Boron levels are important for the buffering capacity or carbonate hardness of a marine system. Some synthetic salts contain elevated levels and many aquarists use excessive amounts of buffers to control pH. This creates an imbalance in the water chemistry and provides a less than optimum environment for the lifeforms. We suggest a natural approach to pH control without "stressing" the chemistry.

If test results indicate elevated levels of Boron, stop using buffers and hardness builders and monitor pH closely. Usually pH will maintain desirable levels in a chemically balanced system. If pH continues to drop, perhaps some other source of acidification exists. Food, additives, and decomposition by-products are often the cause. If these cannot be eliminated, we recommend judicious use of high purity sodium hydroxide. Small amounts of this will raise the pH and by diluting in water before addition, one can also increase the buffering capacity. Consult our lab for more details.

Calcium

Most Aquarists realize the importance of Calcium in a marine system and often measure its concentration with kits that usually don't provide accurate results. The Hach kit for example cannot measure calcium in seawater accurately. It suffers from interferences from other alkali earths (Magnesium, Strontium, and Barium) and others. Try using several different kits for Calcium and you will probably get several different values.
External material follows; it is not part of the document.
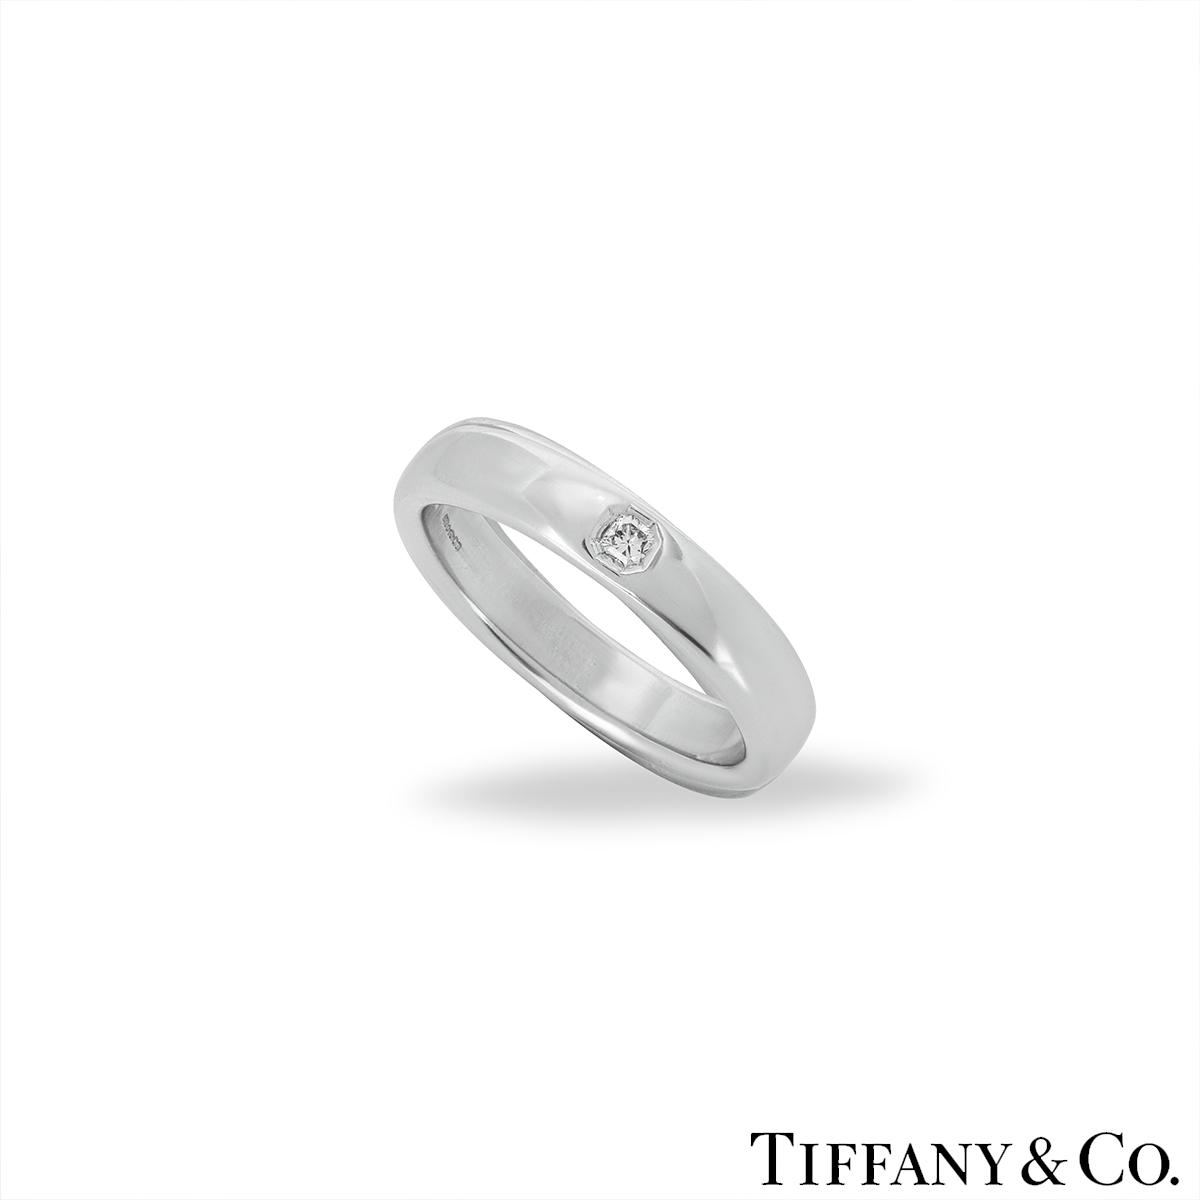 Tiffany & Co Lucida Diamond Wedding Ring in Platinum
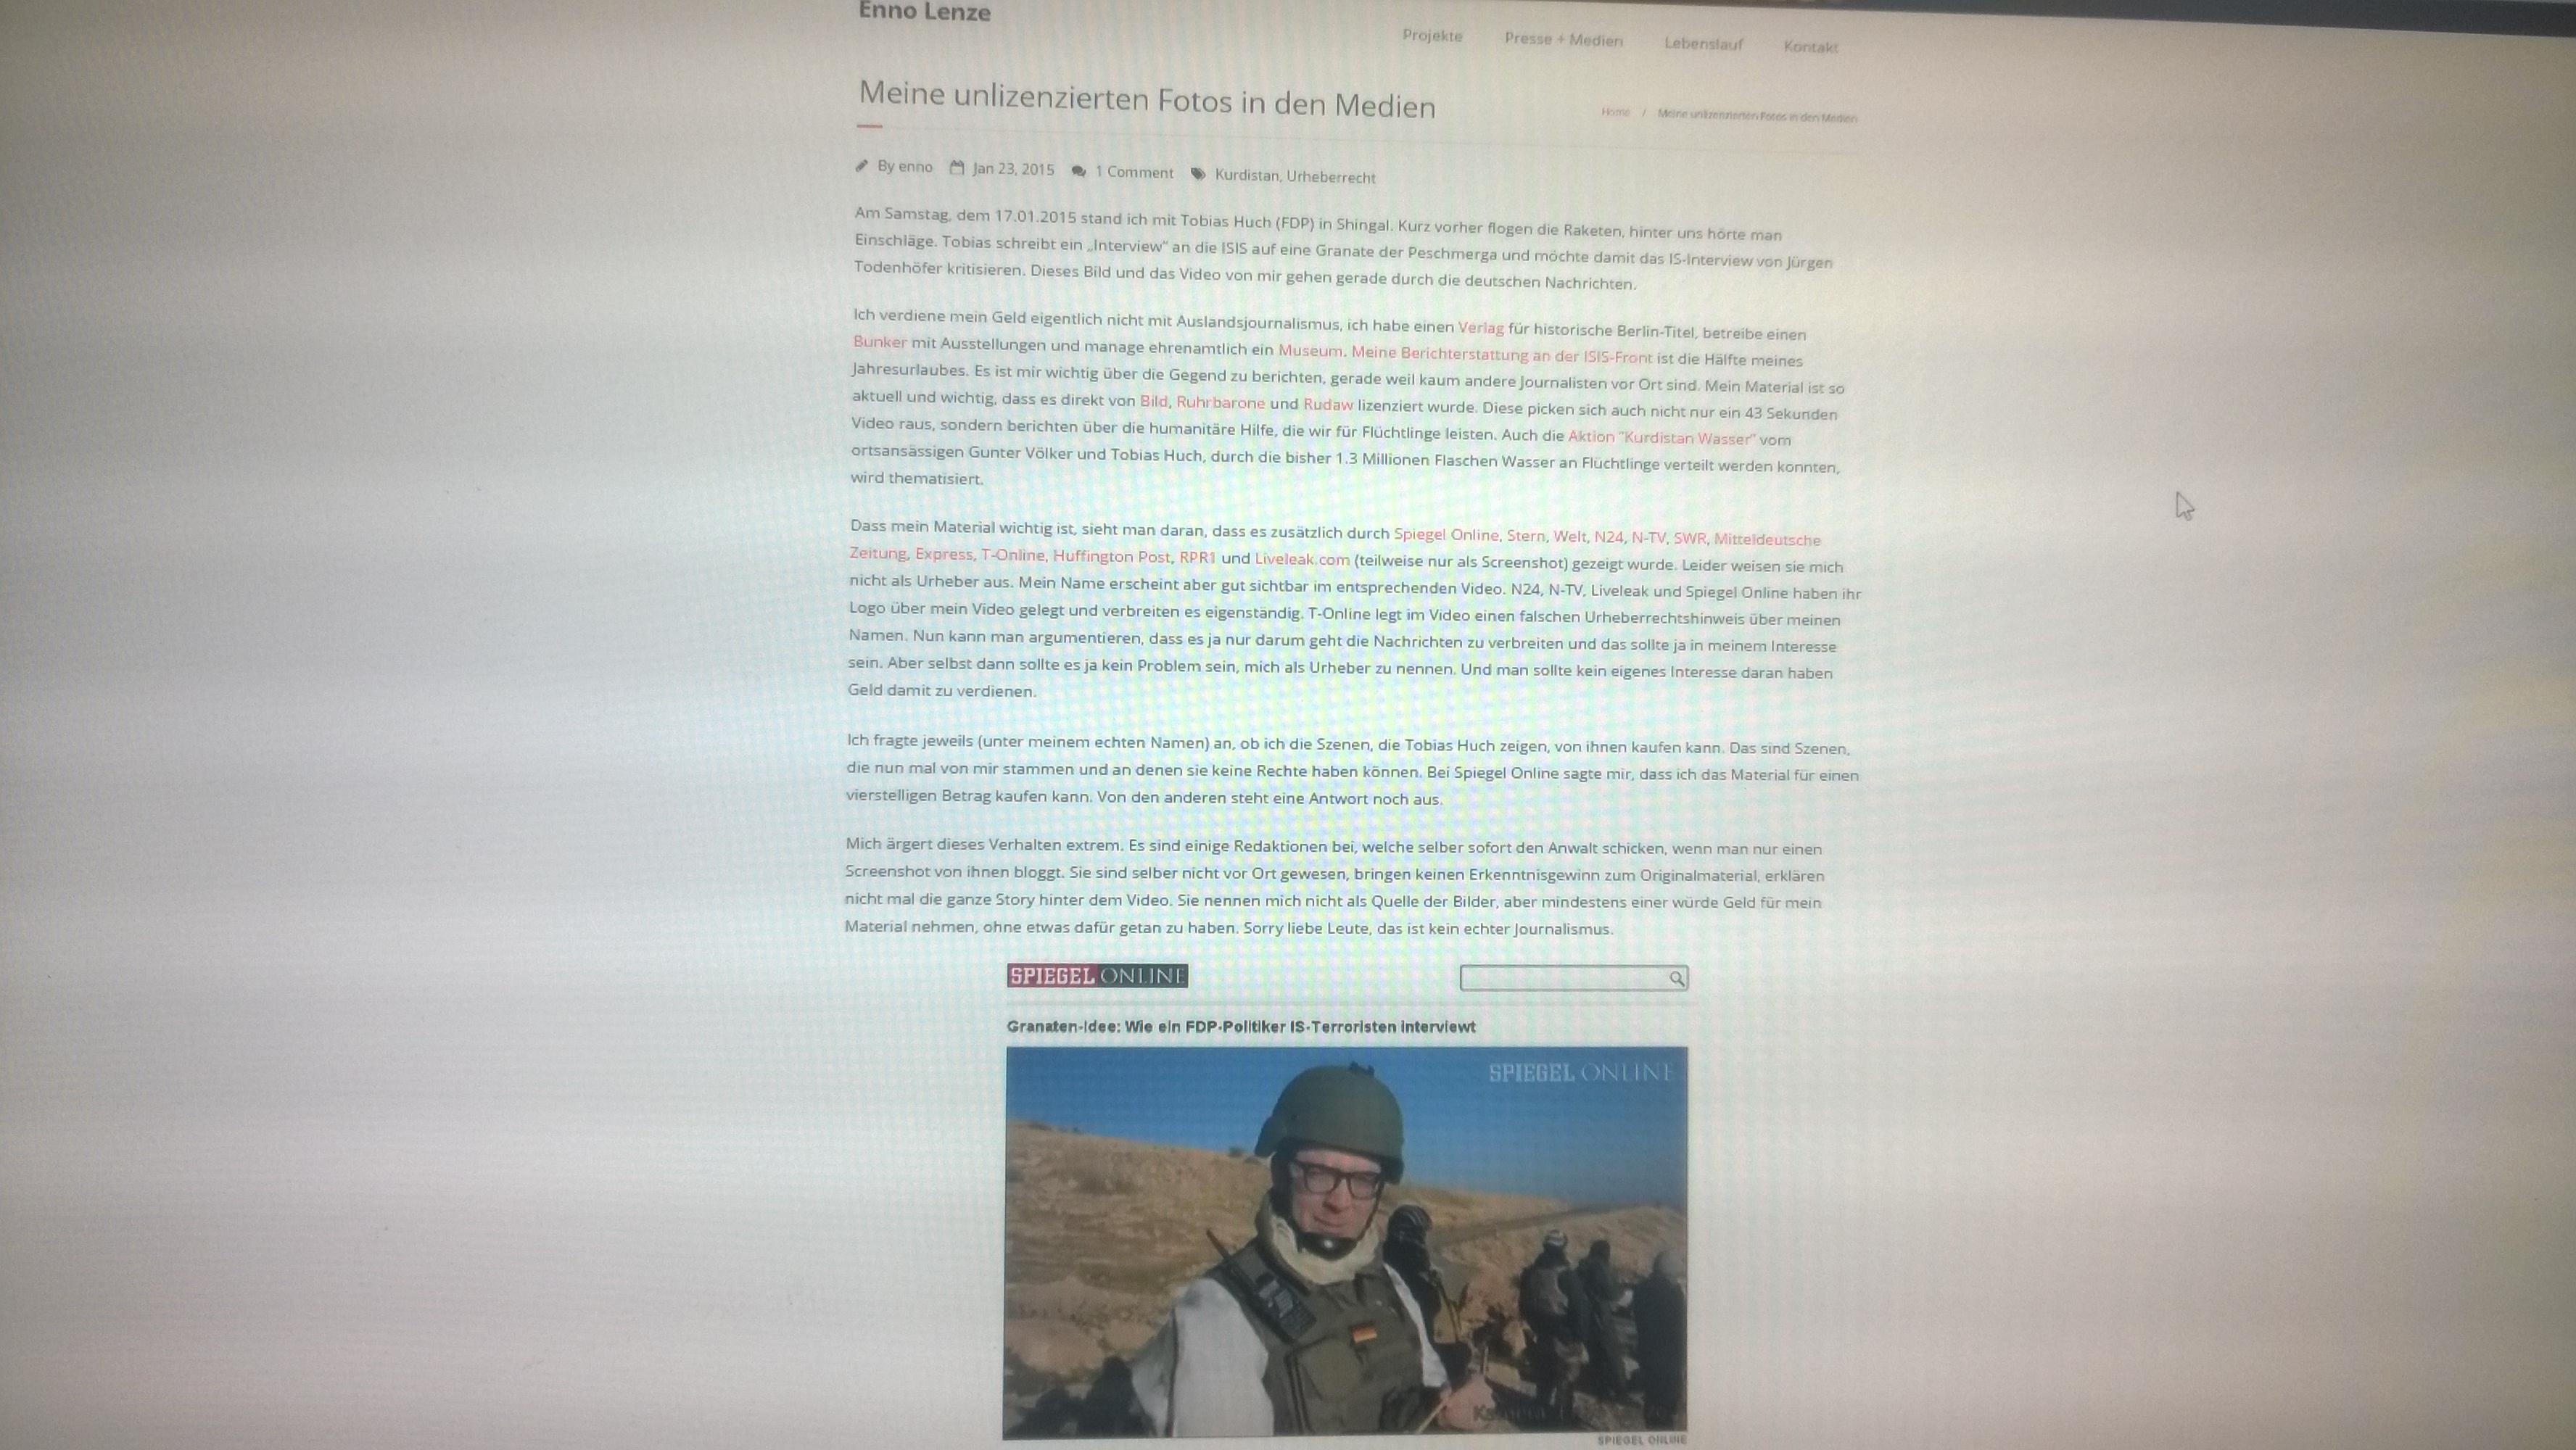 Enno Lenze, Tobias Huch und das Irak Video in den Medien

If you truly need to boost Calcium levels, we offer a custom-made Calcium salt which is added to your kalkwasser and naturally supplements your system with this important element.

Copper

Copper in a fish-only system may safely run as high as 300 ppb, but a reef system should contain from less than 1 to 5 or 10 ppb Copper! Most test kits cannot measure at these levels and if they do, their accuracy is dubious. Our Copper test truly measures total Copper, including that which may be chelated with citrate, EDTA, or other unnatural sequestering agents. Most kits provide free Copper concentrations only. This is a misleading measurement.

Iron

Iron is an element that is often overdosed in a closed system. Elevated levels can cause undesirable algal blooms and create an imbalanced micronutrient profile. Natural reef waters contain low ppb levels of this element as hydroxy complexes. Most kits that measure Iron suffer from interferences with Copper and Cobalt. Additionally, they usually measure only one form of Iron and don't react with complexed (naturally occurring) forms. Our method measures total Iron, in any form or complex that it may exist in.

Iodine

Iodine is probably the most controversial element in closed marine systems. It is very difficult to accurately measure and exists in several forms in seawater. Its stability is still not fully understood, especially in closed systems with powerful filtration. The few kits that do exist suffer from a plethora of interferences and only measure elemental iodine. The Iodine in natural seawater exists as both Iodide and Iodate, not elemental Iodine. Most Aquarists supplement closed systems with this element, however both correct forms should be added judiciously. ENC Labs provides a custom-made, stable supplement of Iodine in the dry form that is tailored to your system capacity. It delivers the same types and amounts of Iodine present in natural seawater to your system.

Lithium

Some synthetic salts contain significantly elevated levels of Lithium probably from the impurities found in the chemicals which they are made from. This certainly provides an environment different from that of natural ocean/reef water. The effects of these levels have not been fully investigated, however current research indicates obvious biological effects {Proc. Natl. Acad. Sci., 86, 3669-3673} and {Develop. Growth & Diff., 33(4), 411-419 (1991)}. Some additives also contain traces of this element which contribute to the high levels of lithium found in some marine systems. Does your salt suffer from this potential problem? If test results indicate high levels of this element, we simply recommend changing salts and stop using additives that may contain these impurities. If this is not practical, specific media to reduce levels of this element can be employed {Colloids and Surfaces, 47 (1990) 69-79}.

Molybdenum

Molybdenum is another element which many Aquarists recognize the importance of. However, in closed systems it is often at levels that are not optimum like those found in natural ocean/reef water. Natural reef water contains about 5 to 15 ppb of this trace element which participates in biochemical re-dox reactions such as nitrogen fixation among other things. Many Aquarists add mixtures of trace elements which provide uncertain amounts of this important element. Some salts are notorious for having reduced levels of Molybdenum. If test results indicate a deficiency of this component ENC Labs provides a custom-made, stable form in the dry state that is tailored to your system capacity. Additionally, it delivers the correct amount and form of Molybdenum found in natural seawater (Mo+6).

Strontium

Most Aquarists recognize the importance of Strontium in marine systems, especially those with hard corals and more delicate species. However, it is often added improperly and not measured accurately with the few kits that do exist. If needed, ENC Labs offers a purified, caustic form of this element that is added to your kalkwasser and delivered in a more effective way than other supplements on the market. It is also custom-made to the capacity of your system. Additionally, it boosts the alkalinity of your kalkwasser by virtue of its elevated pH.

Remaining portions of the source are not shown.